Please post only when sober; you’re welcome to read in the meanwhile. When you use and abuse any substances, it takes time for your body and mind to heal. If anyone tells you being sober sucks that it is an easy process – it is not. It is absolutely achieaveble as you have already proven to yourself – but remember that the thoughts of relapse do and will happen.
Genius is the world’s biggest collection of song lyrics and musical knowledge
My whole life revolved around the substances, from my social circle to how I spent my free time. You take the substance away and it’s like taking away all I know. I didn’t know that there was a whole world out there to explore. I didn’t realize there’s cool people who don’t use drugs and I could pick and choose who to hangout with. It took some time and effort to adjust, but after time I found hobbies, interest, passions, and a vision for how I wanted my life to turn out.
If you’re like most drinkers, you’ve likely surrounded yourself at some point with a group of people who also drink. I’d argue that many of us gravitated to a group of friends who have drinking habits that align with our own, and we did this because we didn’t want sober friends. Just because it “seems” like things will never change, that is not actually the case.
And these thoughts can quickly become something that we start to believe – and we act on these thoughts and decide that ‘yes being sober sucks’, and we end up getting hold of booze. Finding ways to relax after a hard days work WITHOUT reaching for the bottle?
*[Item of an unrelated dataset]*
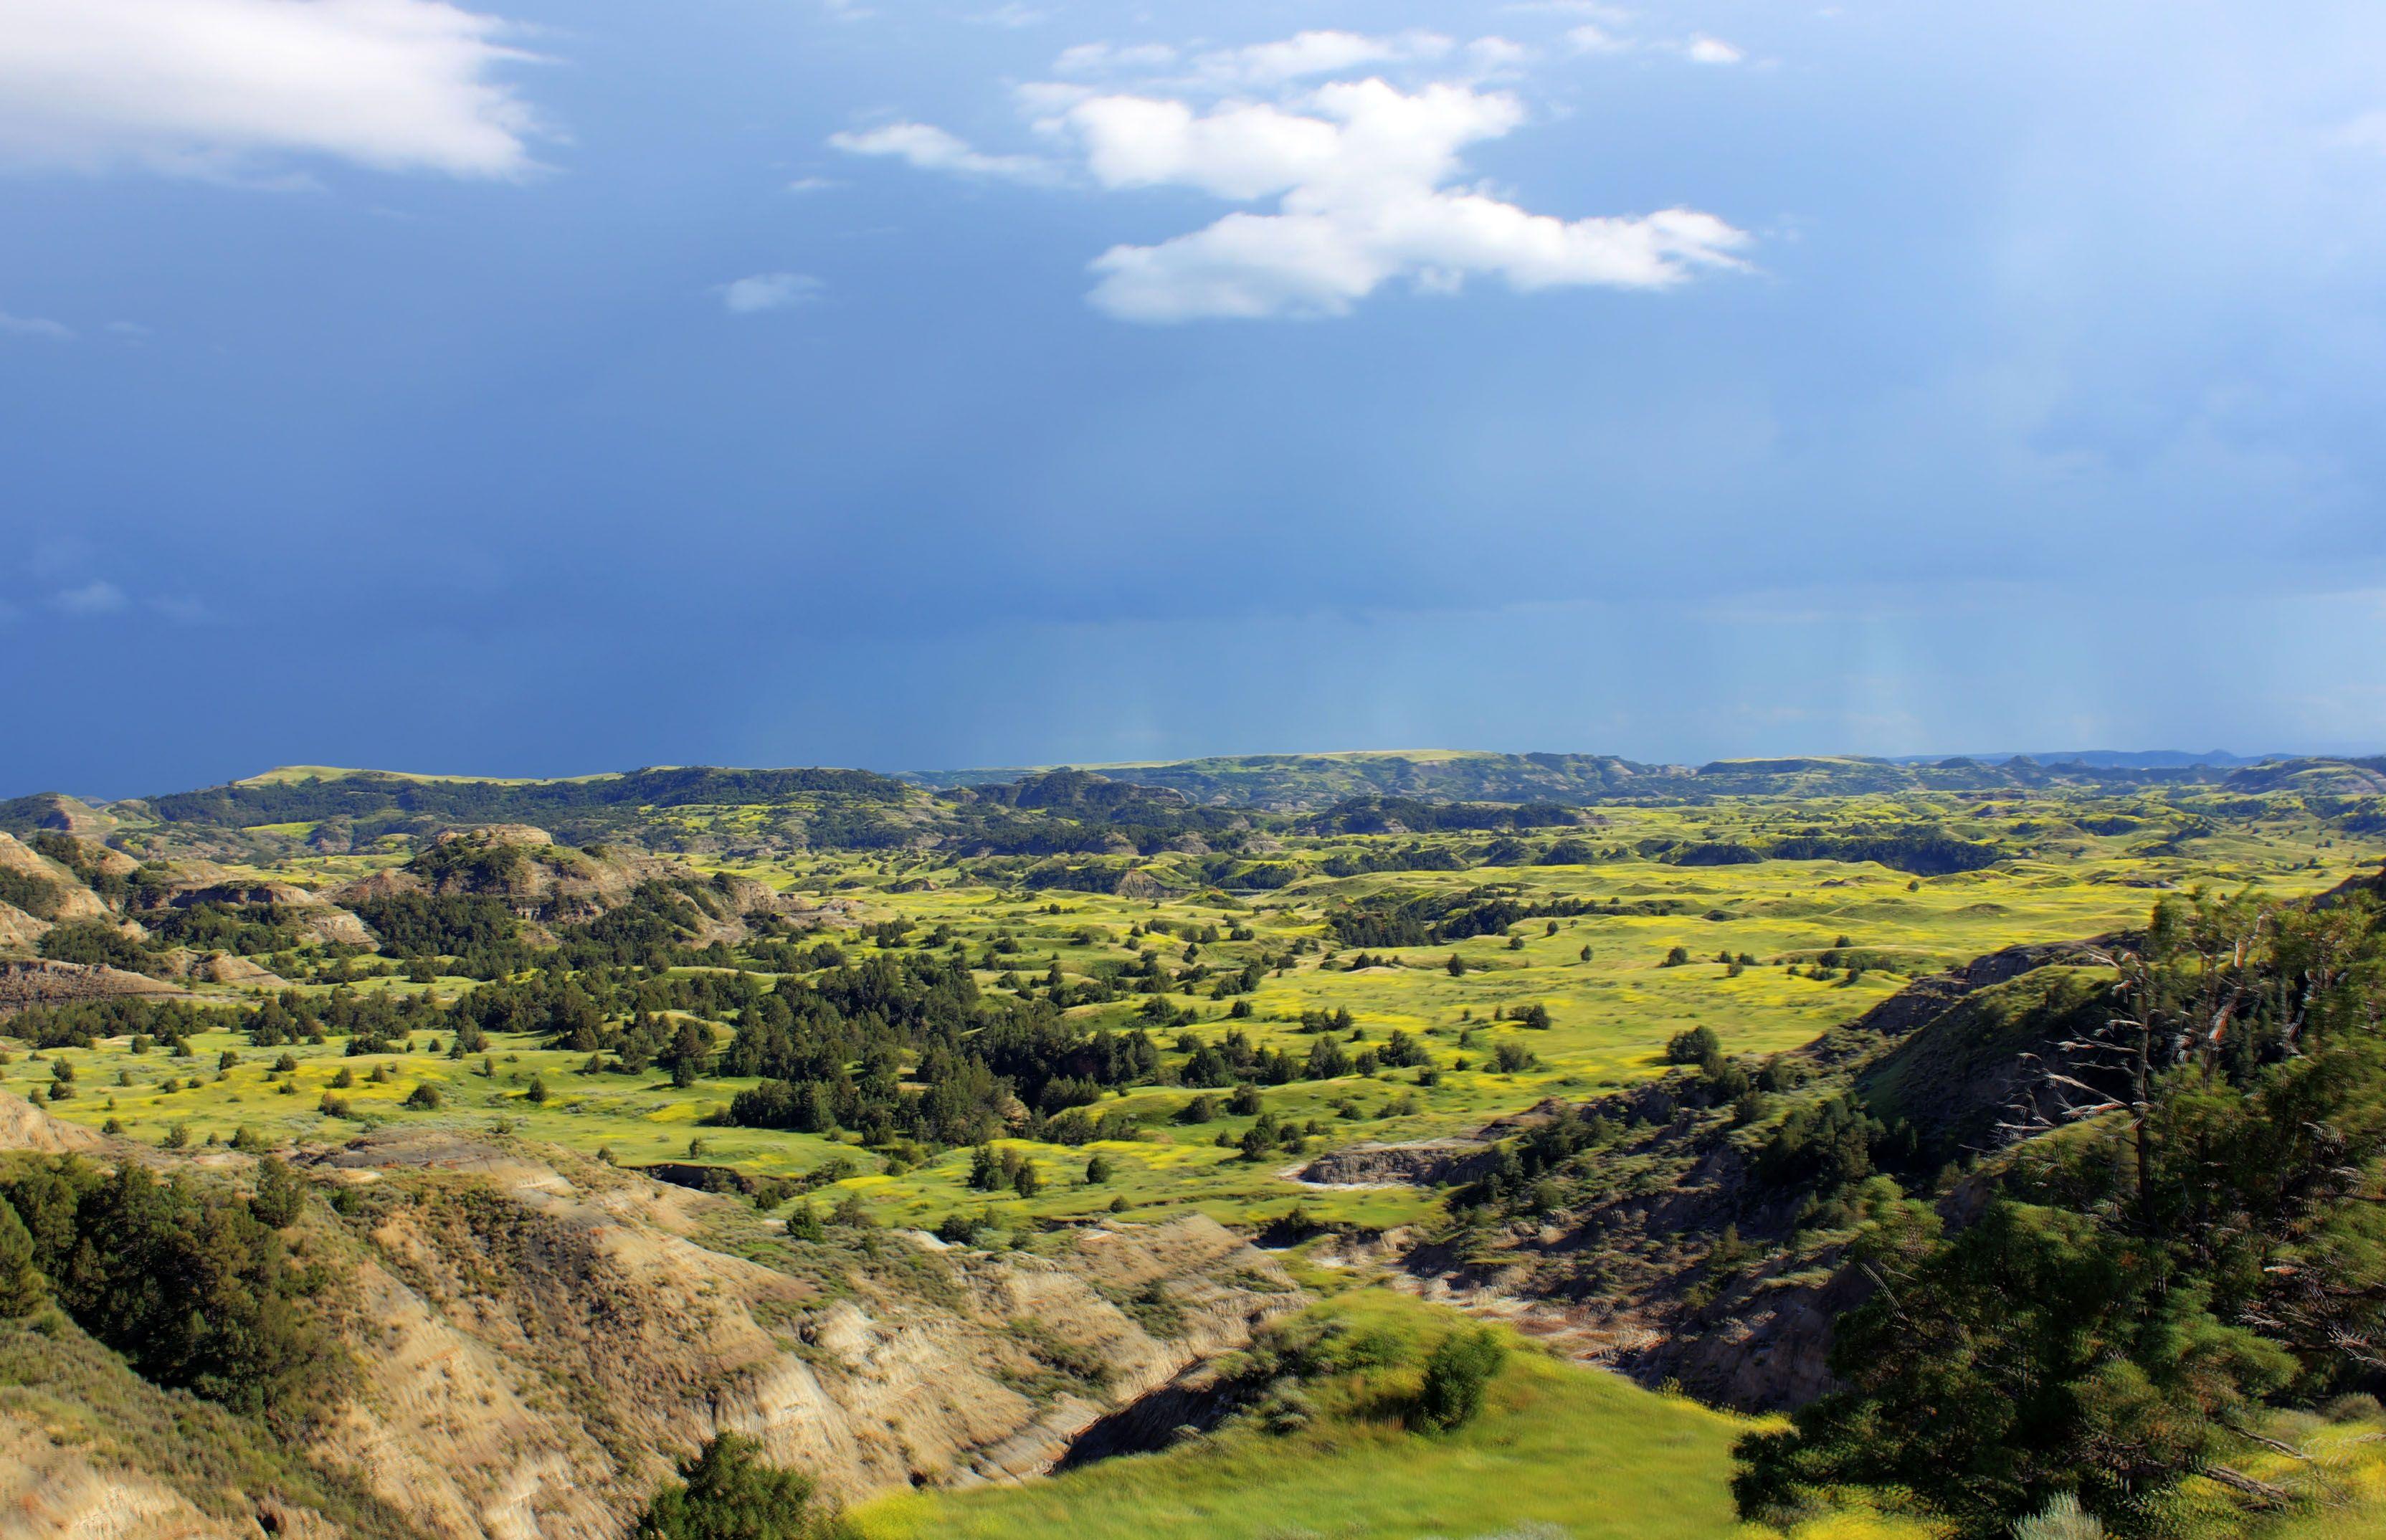 Rain in the valley at Theodore Roosevelt National Park, North

What type of void are we creating by leaving behind something that has been a long-standing part of our lives .
- I socialized with people more because people are more fun and entertaining and easy to talk to after a few glasses of wine.
- You have already accomplished so much by choosing to stop using drugs and committing to sobriety.
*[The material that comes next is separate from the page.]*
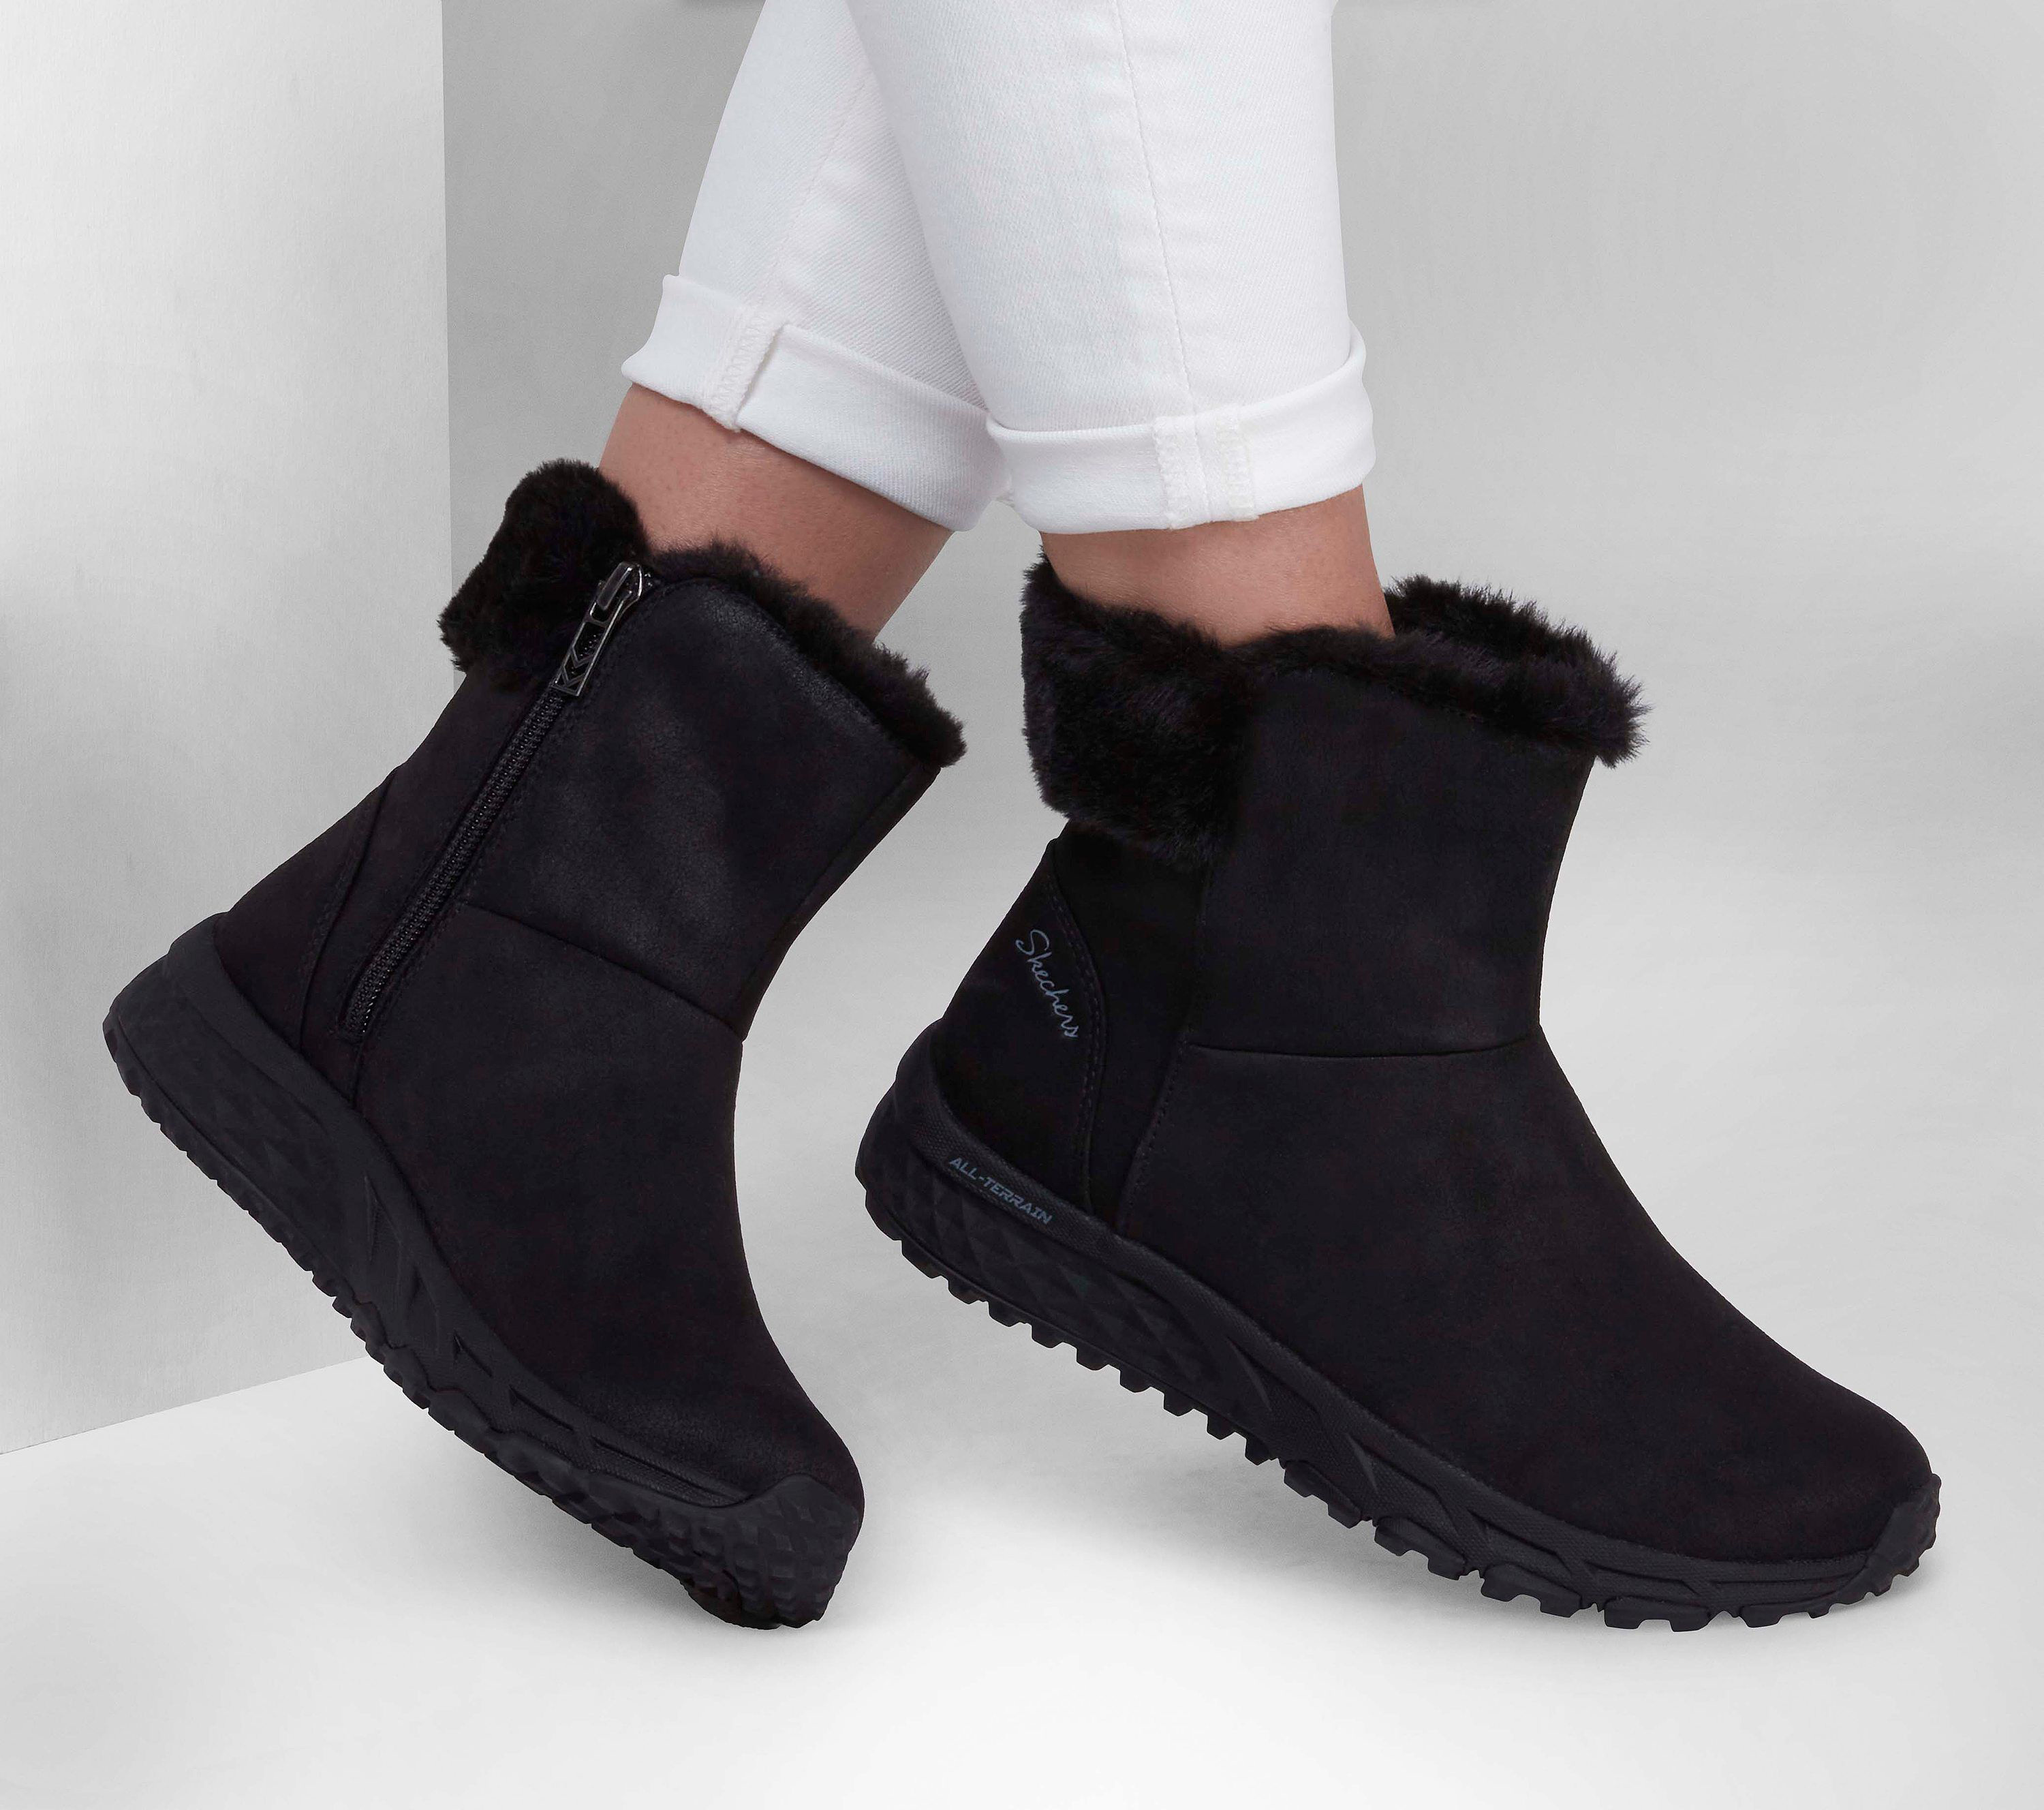 Winter Boots | UK Stock, Shipped from - WinterBootShop

- Sometimes, it is the little things you may not realize are having a significant impact on your ability to cope.
- I would go on walks a few times a week because getting high and walking is super fun.
I have always hated the feeling that I’m putting people out or being difficult. The life I had before I quit drinking was a lot like Groundhog Day; I was always waiting for it to begin and always reliving the same stuff, day after day, year after year. When I finally walked away from booze at 34, my life opened up. I can honestly say sobriety is the best thing I have ever done for myself. It was my jumping-off point into a life I knew I had buried inside of me.
Don’t be afraid to ask for help.
If you try your best and are patient, with time, sobriety will be something you’re grateful for. All change sucks, but getting off drugs is a positive change. I hope this helps if you struggle with the mentality “I hate being sober”. In early sobriety I would tell myself “I hate being sober!
Hannah Rose — Survivor 45 Cast Member – Parade Magazine
Hannah Rose — Survivor 45 Cast Member.